Table 1. Cure rates in various types of cancer in children
1970 1980 1985 1995
Acute Lymphoblastic Leukaemia* 40% 50% 70% 72%
Acute Non-Lymphoblastic Leukaemia*  15% 20% 35% 40%
Hodgkin's Disease 50% 65% 80% 85%
Non-Hodgkin's Lymphoma  30% 50% 70% 70%
Neuroblastoma* 35% 35% 40% 40%
Wilms' Tumour 70% 70% 80% 85%
Rhabdomyosarcoma and Soft Tissue Sarcoma 40% 50% 65% 70%
Osteogenic Sarcoma 10% 40% 70% 70%
Ewing's Sarcoma 30% 45% 50% 60%
Hepatoblastoma <5% 10% 40% 40%
Overall 50% 60% 65% 70%
* Does not include the additional benefit of bone marrow transplants.

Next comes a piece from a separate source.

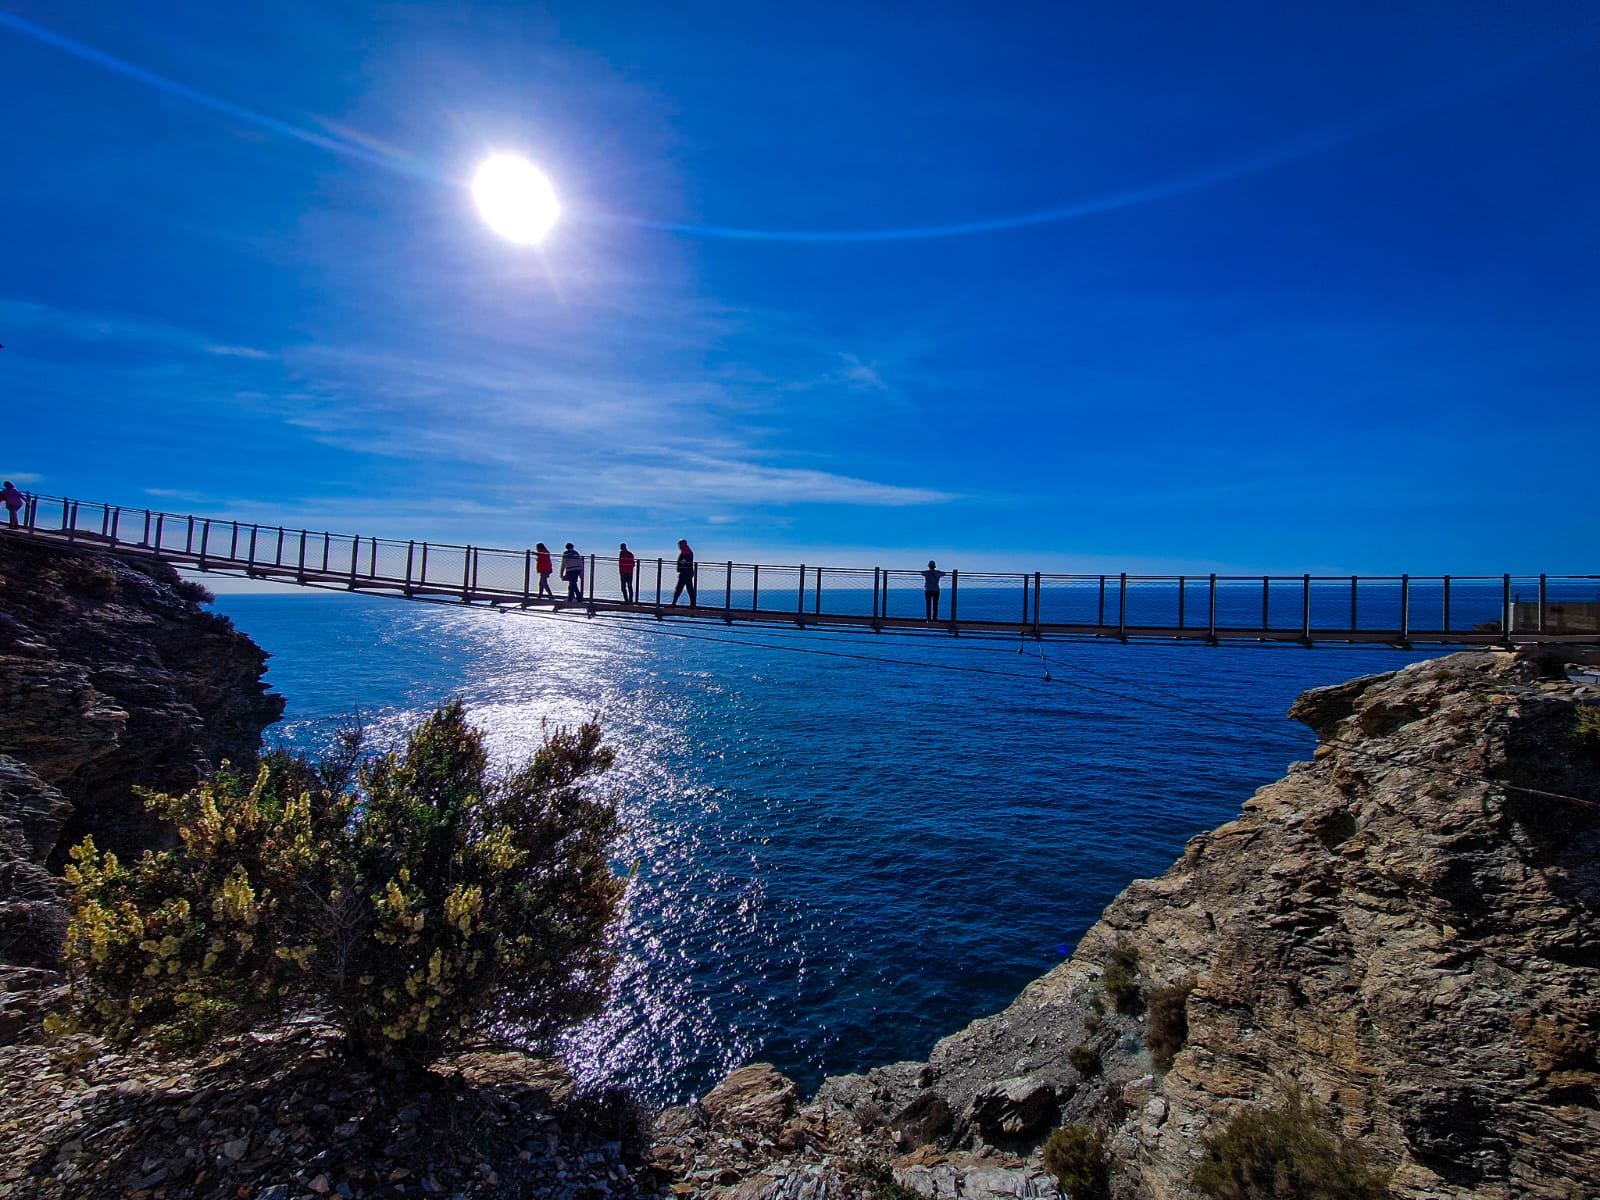 Asómate al vacío desde el primer puente colgante de la costa mediterránea española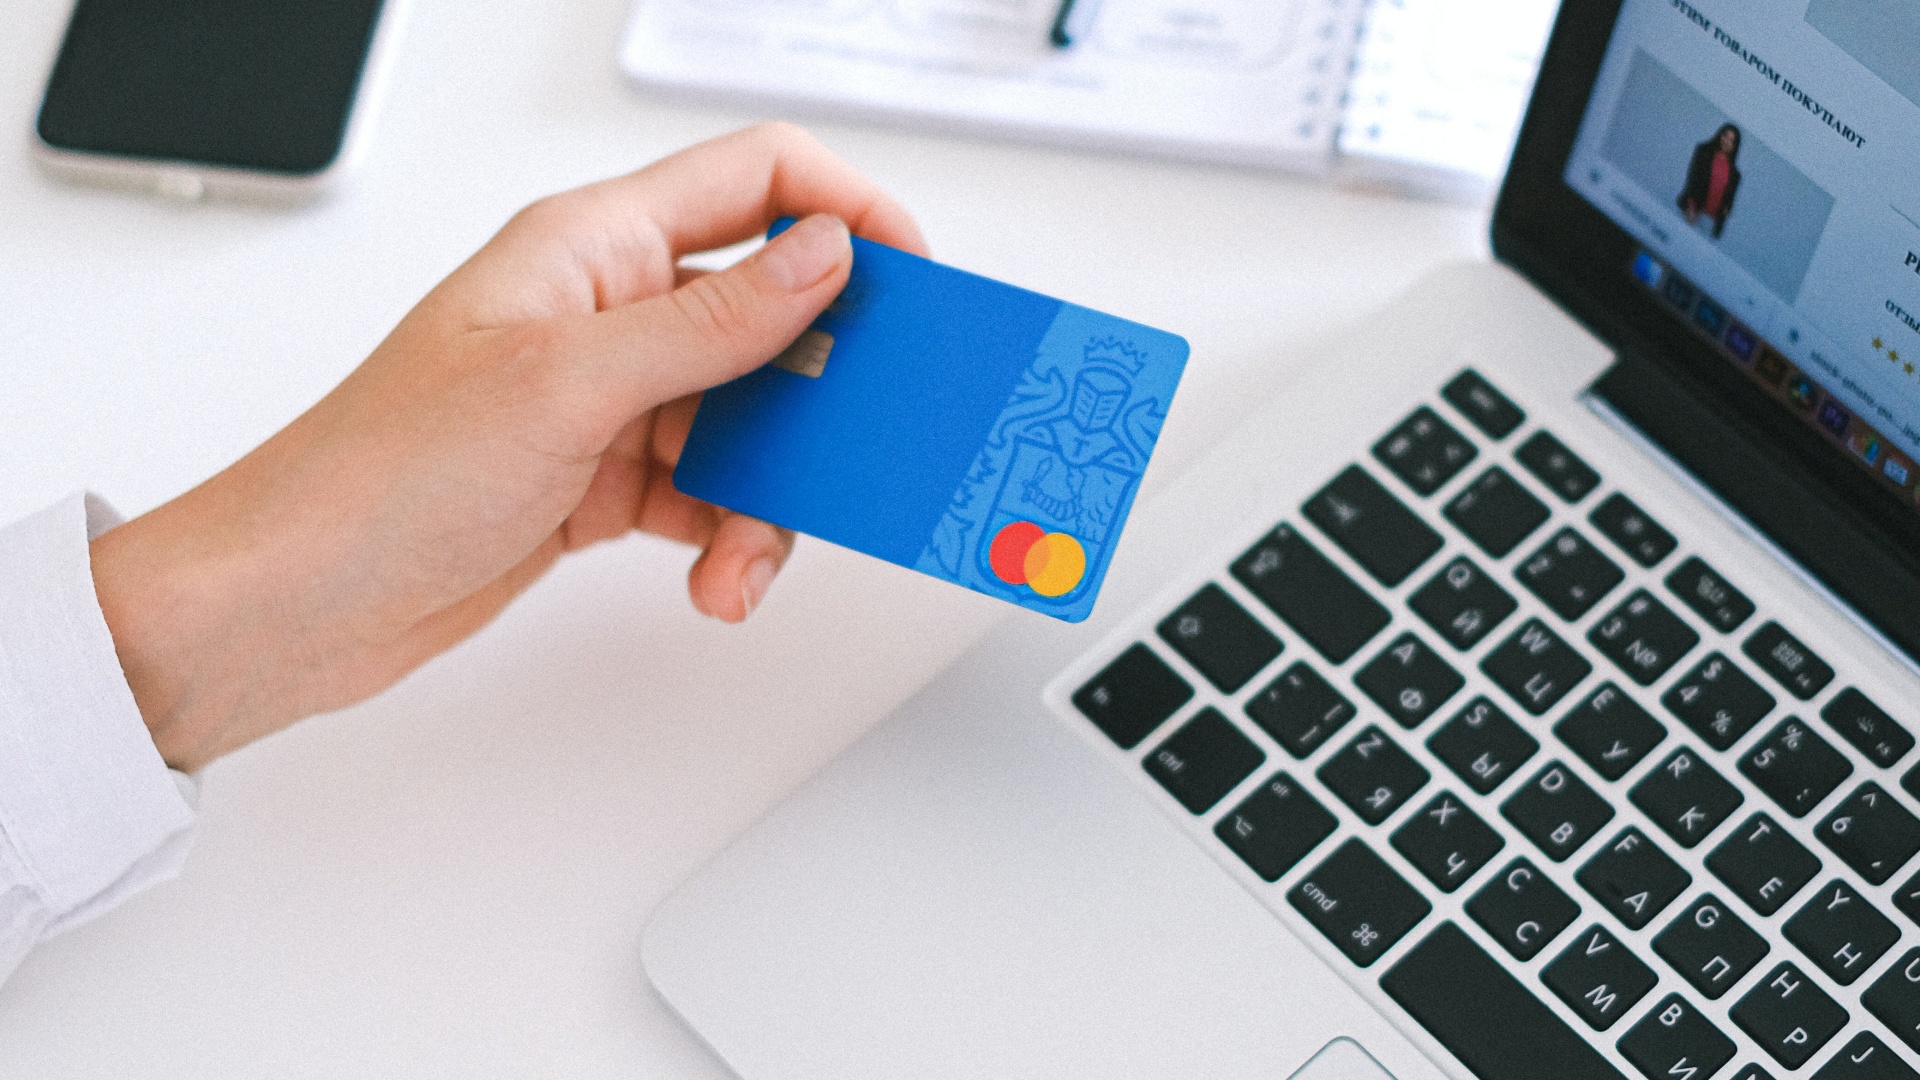 Internetes vásárláshoz használt bankkártyát fog a kezében a laptopnál ülő nő

Table 2. Cure rates in widespread (metastatic) cancer in children

Acute Lymphoblastic Leukaemia* 70%
Acute Non-Lymphoblastic Leukaemia* 35%
Non Hodgkin's Lymphoma Stage IV 70%
Hodgkin's Disease Stage IV 60%
Wilms' Tumour Stage IV 65%
Neuroblastoma Stage IV
If aged less than 1 year 80%
If aged over 2 years <5%
*Note: Does not include the additional cures obtained after bone marrow transplantation.